What is needed
Keep the images out while you retype all of the data exactly.

Data section
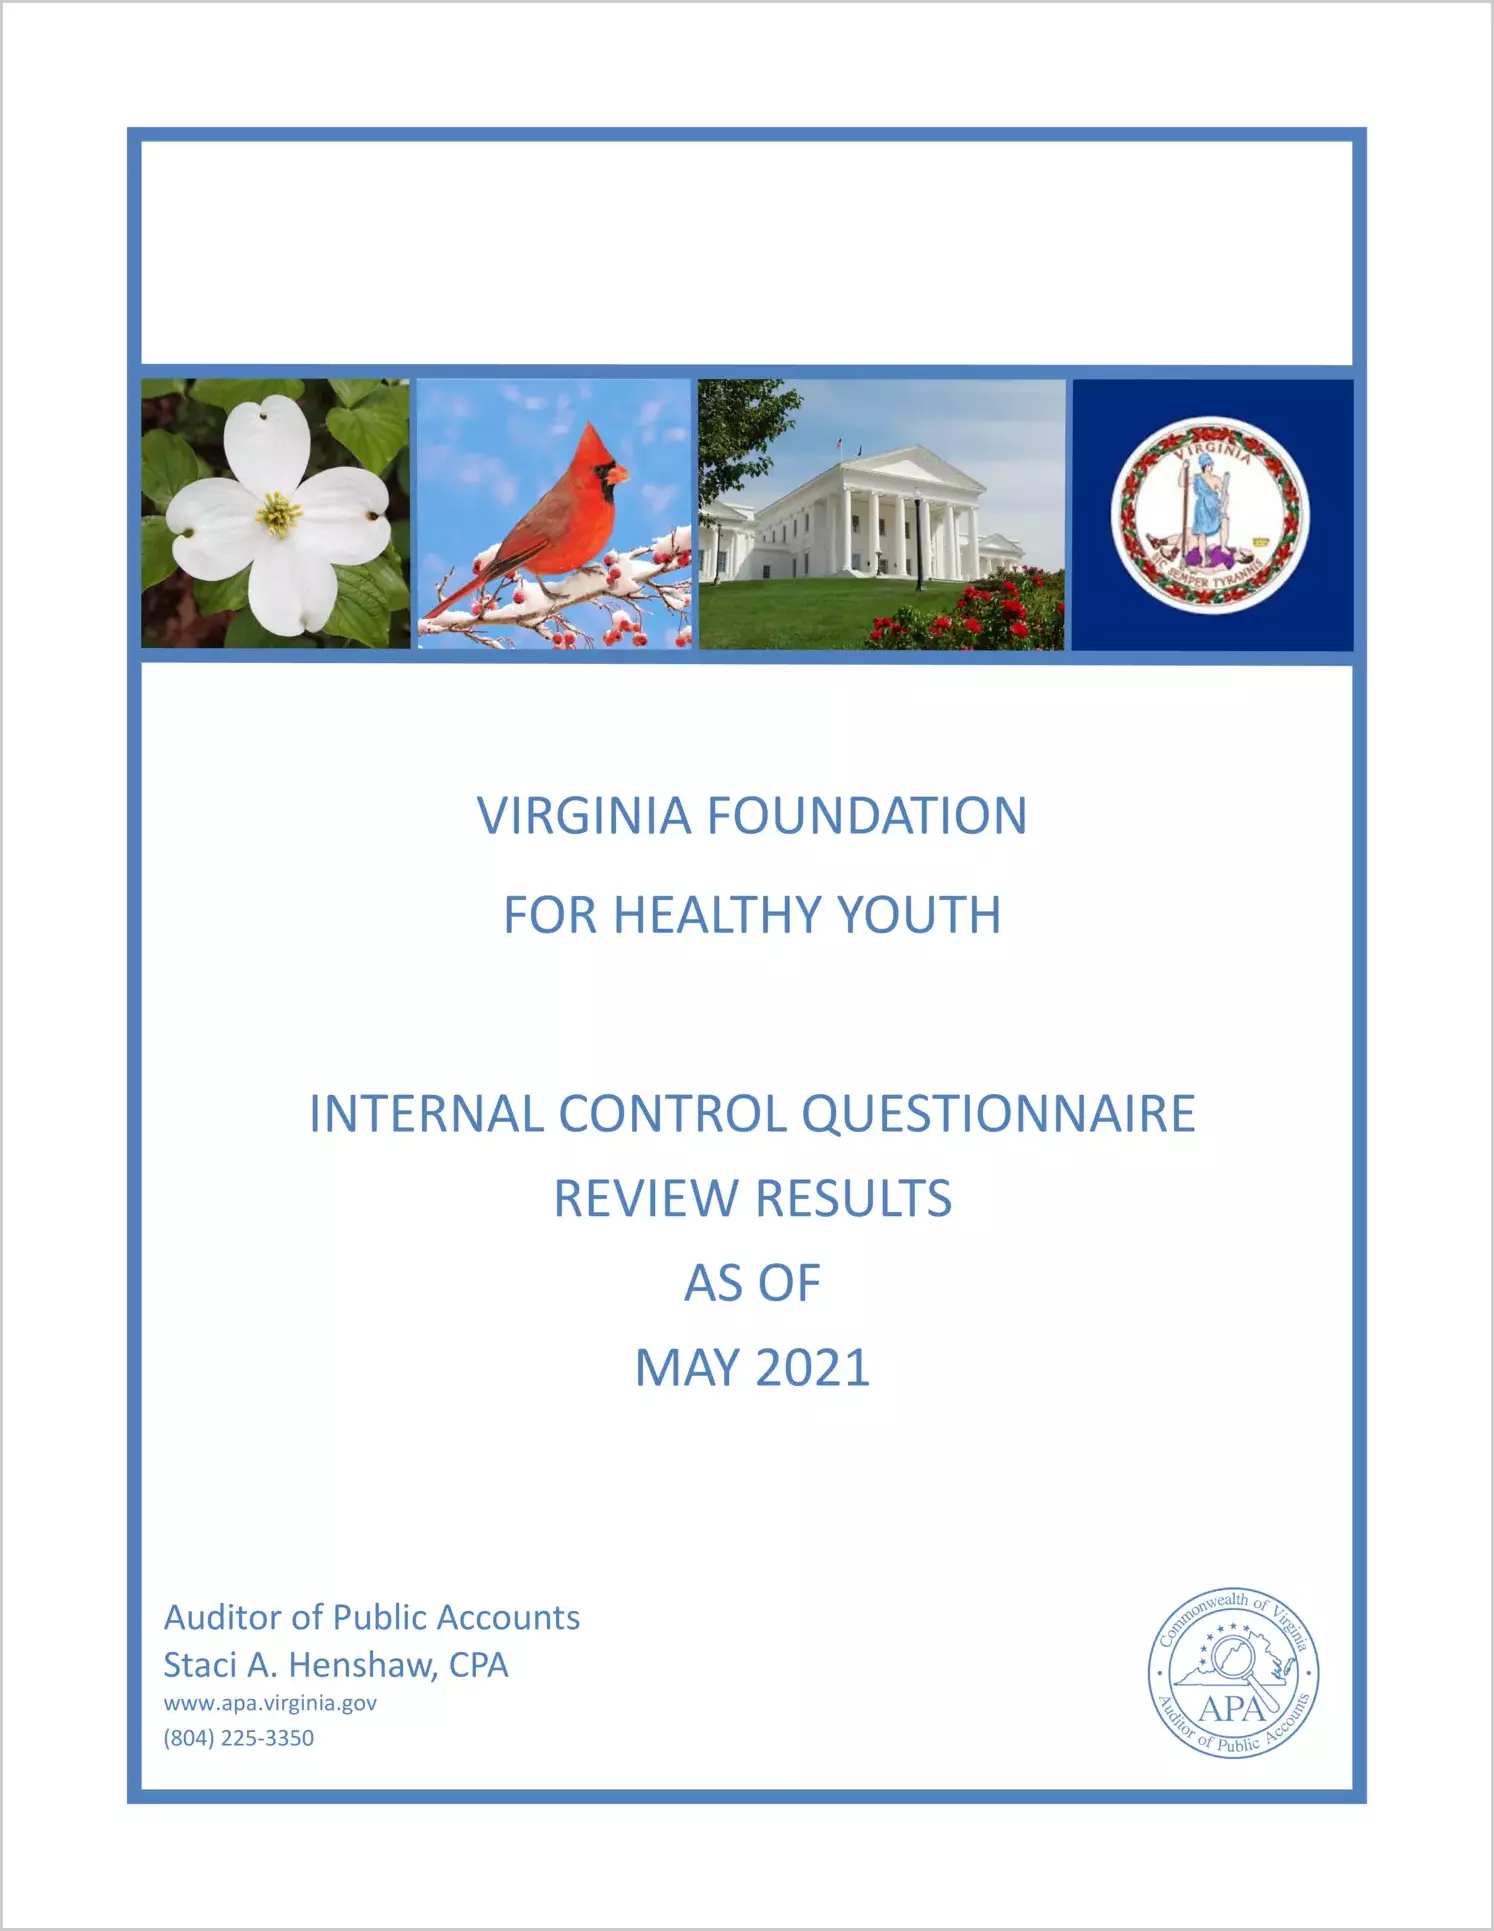 Virginia Foundation for Healthy Youth Internal Control Questionnaire Review Results as of May 2021
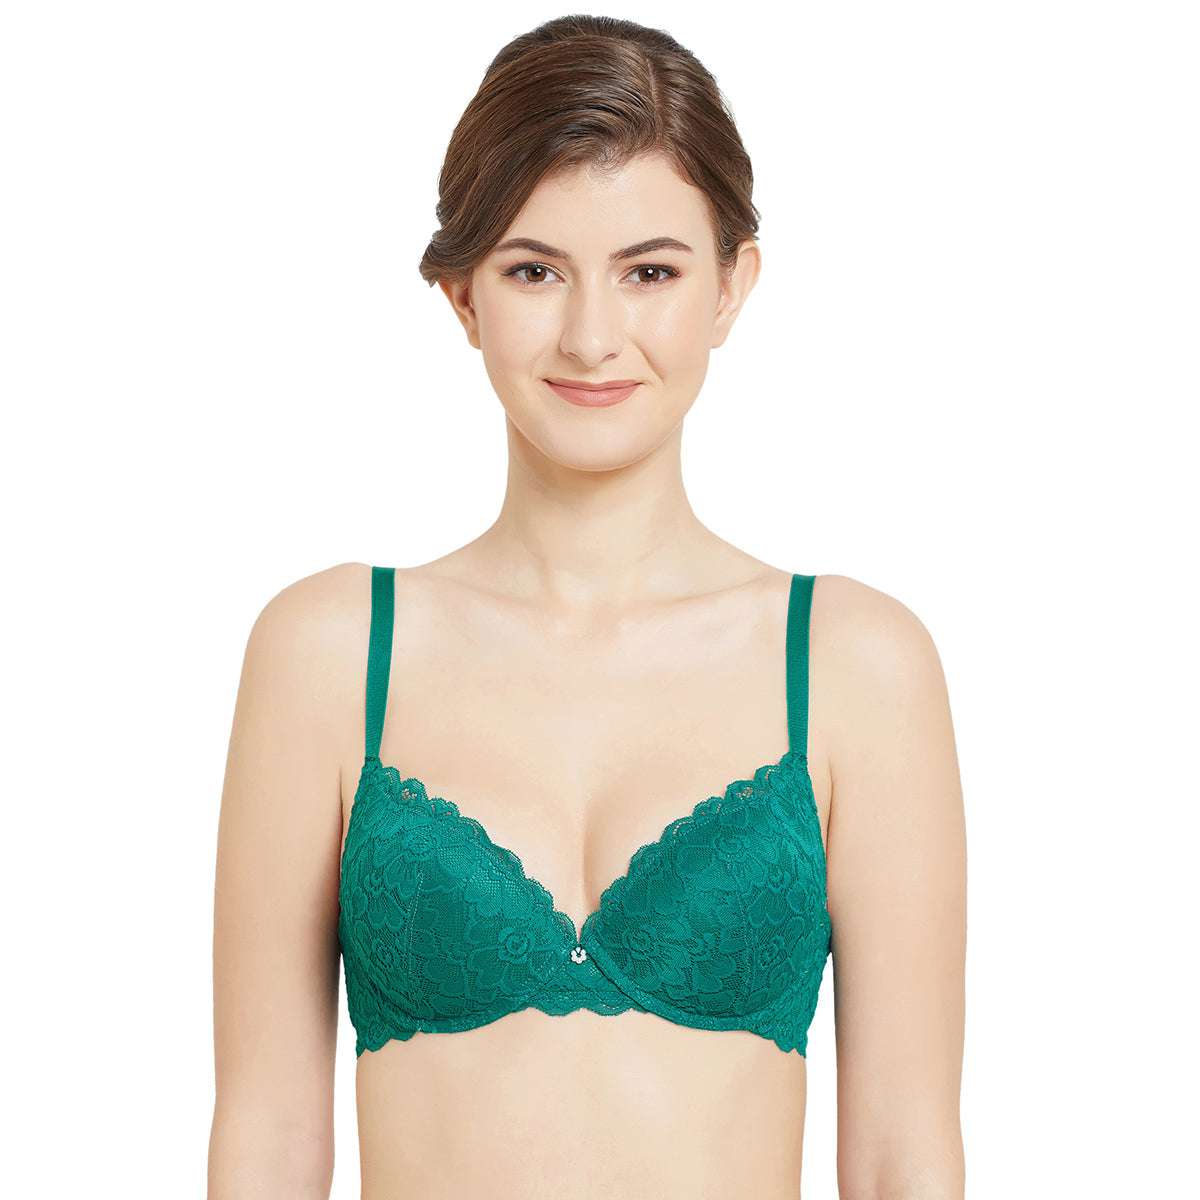 Plush Desire Push-Up Padded Wired 3/4th Cup Lacy Bra - Green
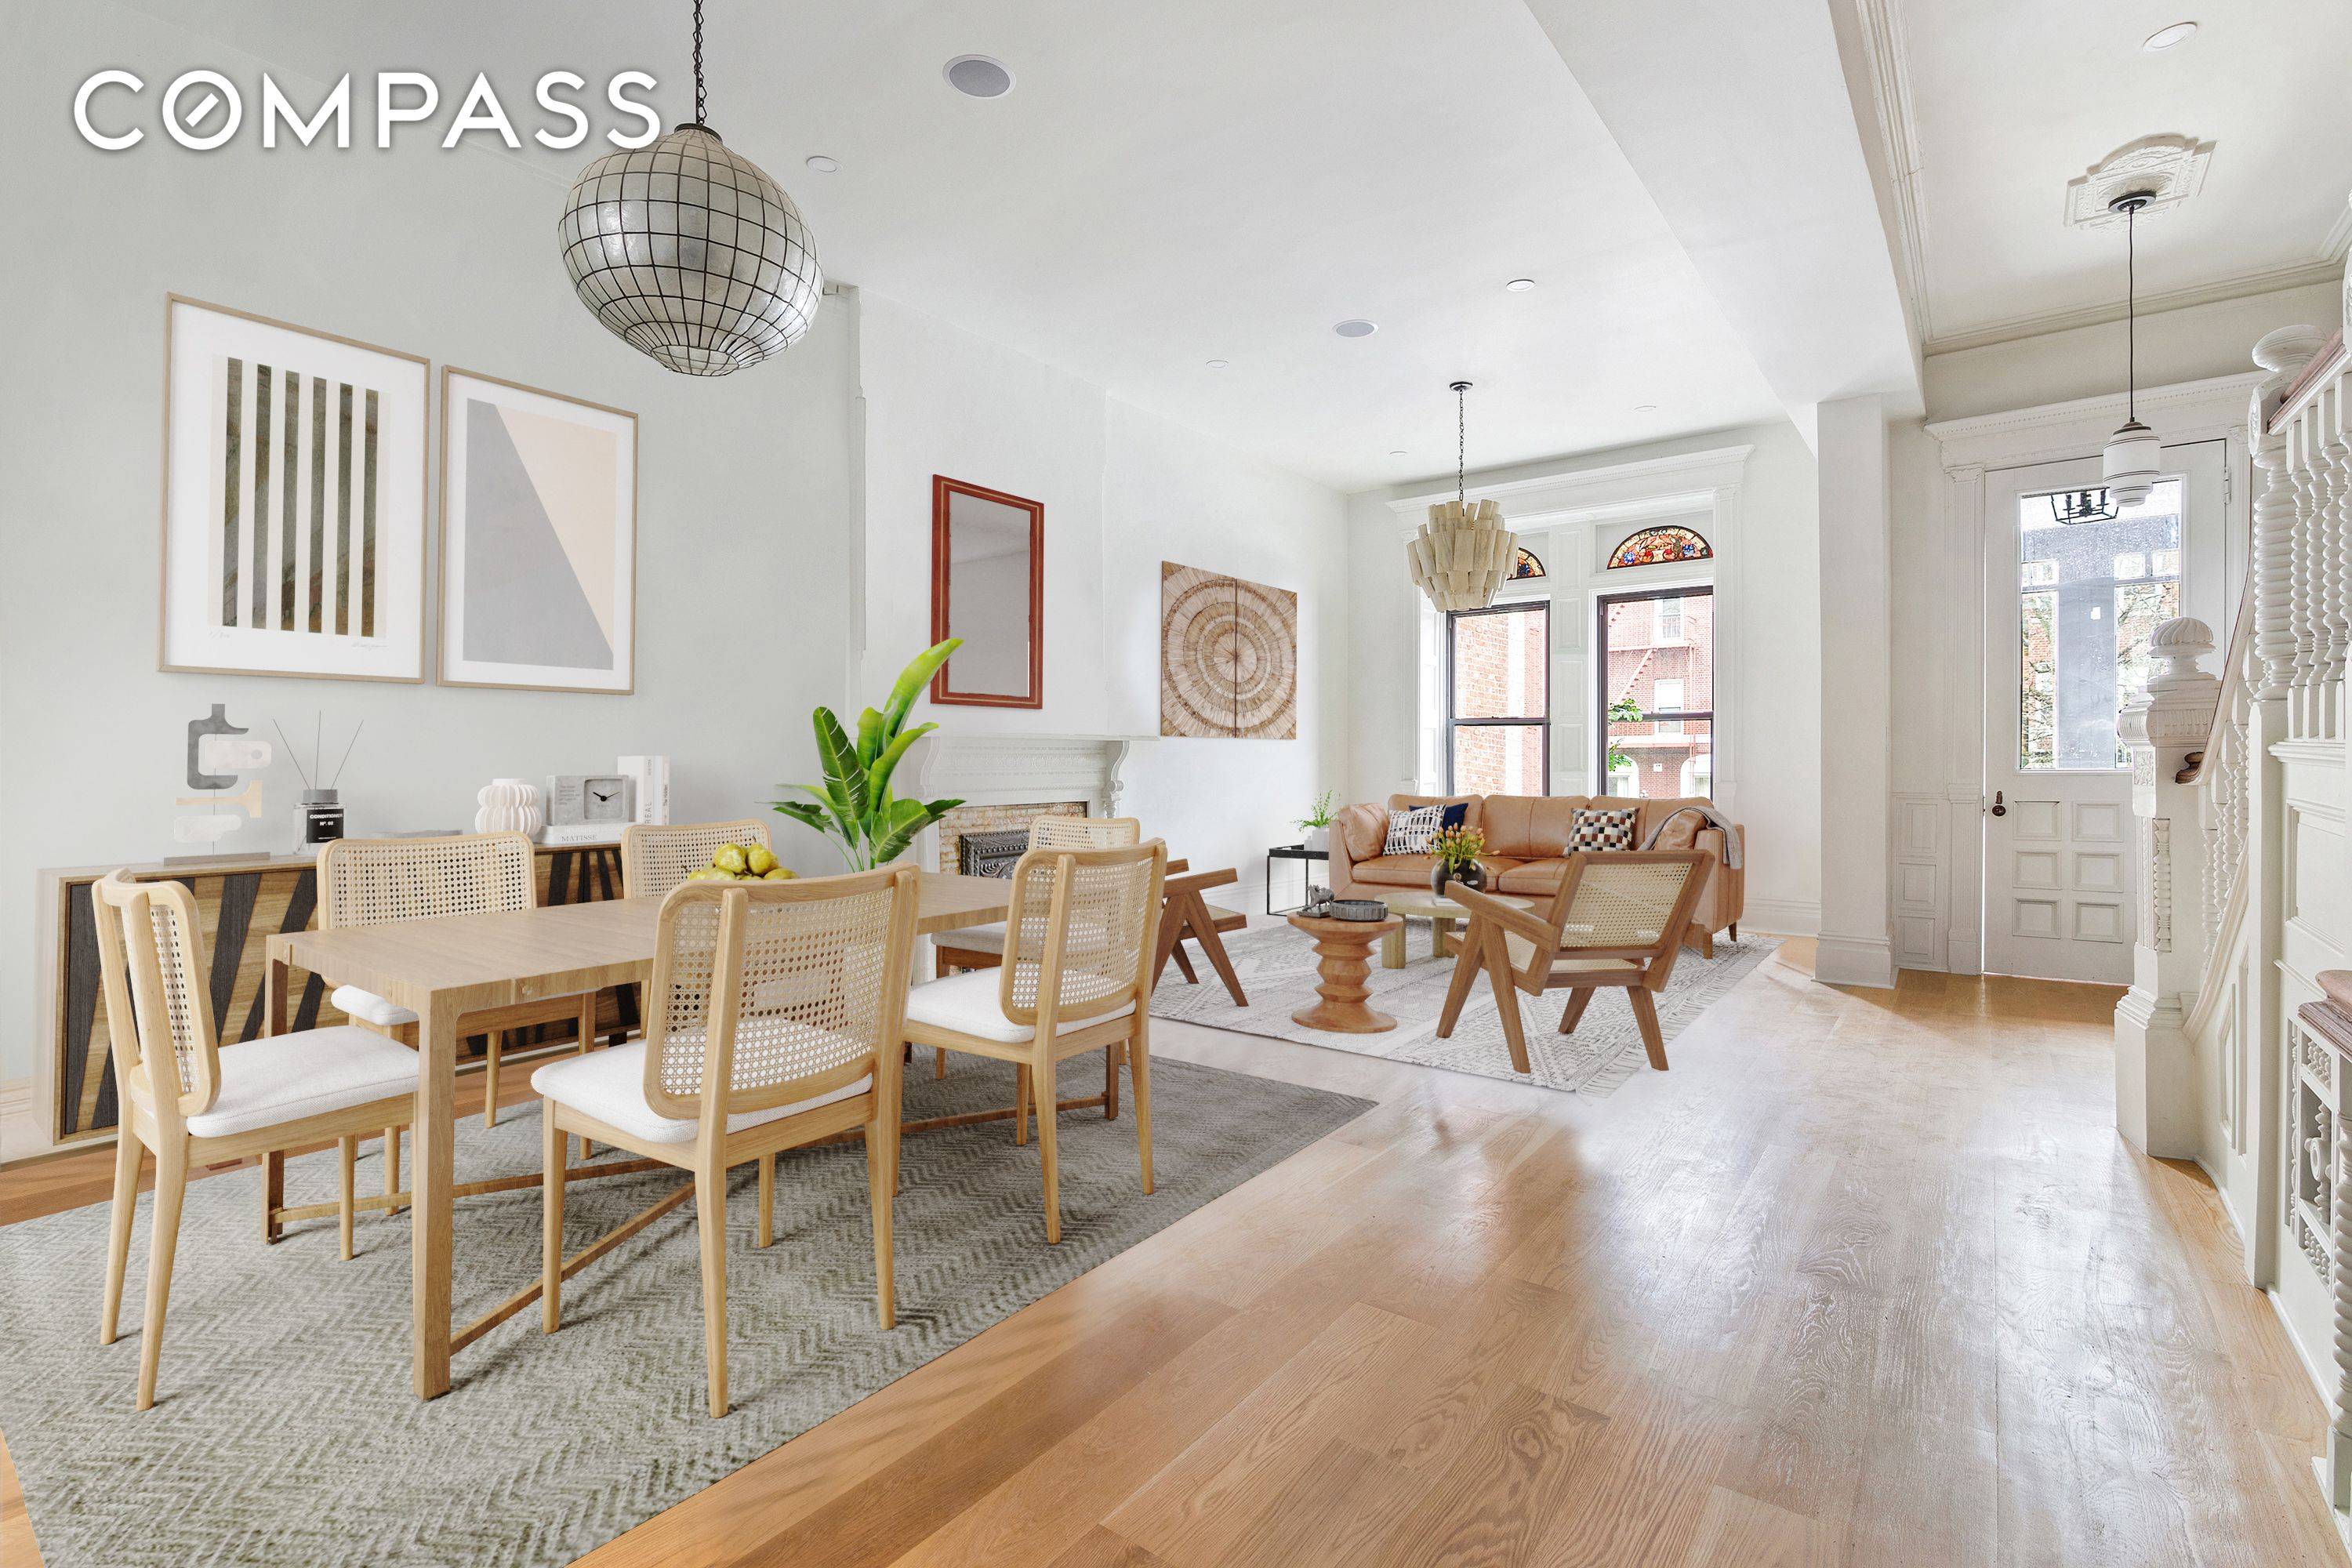 Introducing 1412 Pacific Street, a meticulously restored Crown Heights North residence dating back to 1901.

Response for this exercise
 Virginia Foundation for Healthy Youth Internal Control Questionnaire Review Results as of May 2021
 Plush Desire Push-Up Padded Wired 3/4th Cup Lacy Bra - Green
 Introducing 1412 Pacific Street, a meticulously restored Crown Heights North residence dating back to 1901.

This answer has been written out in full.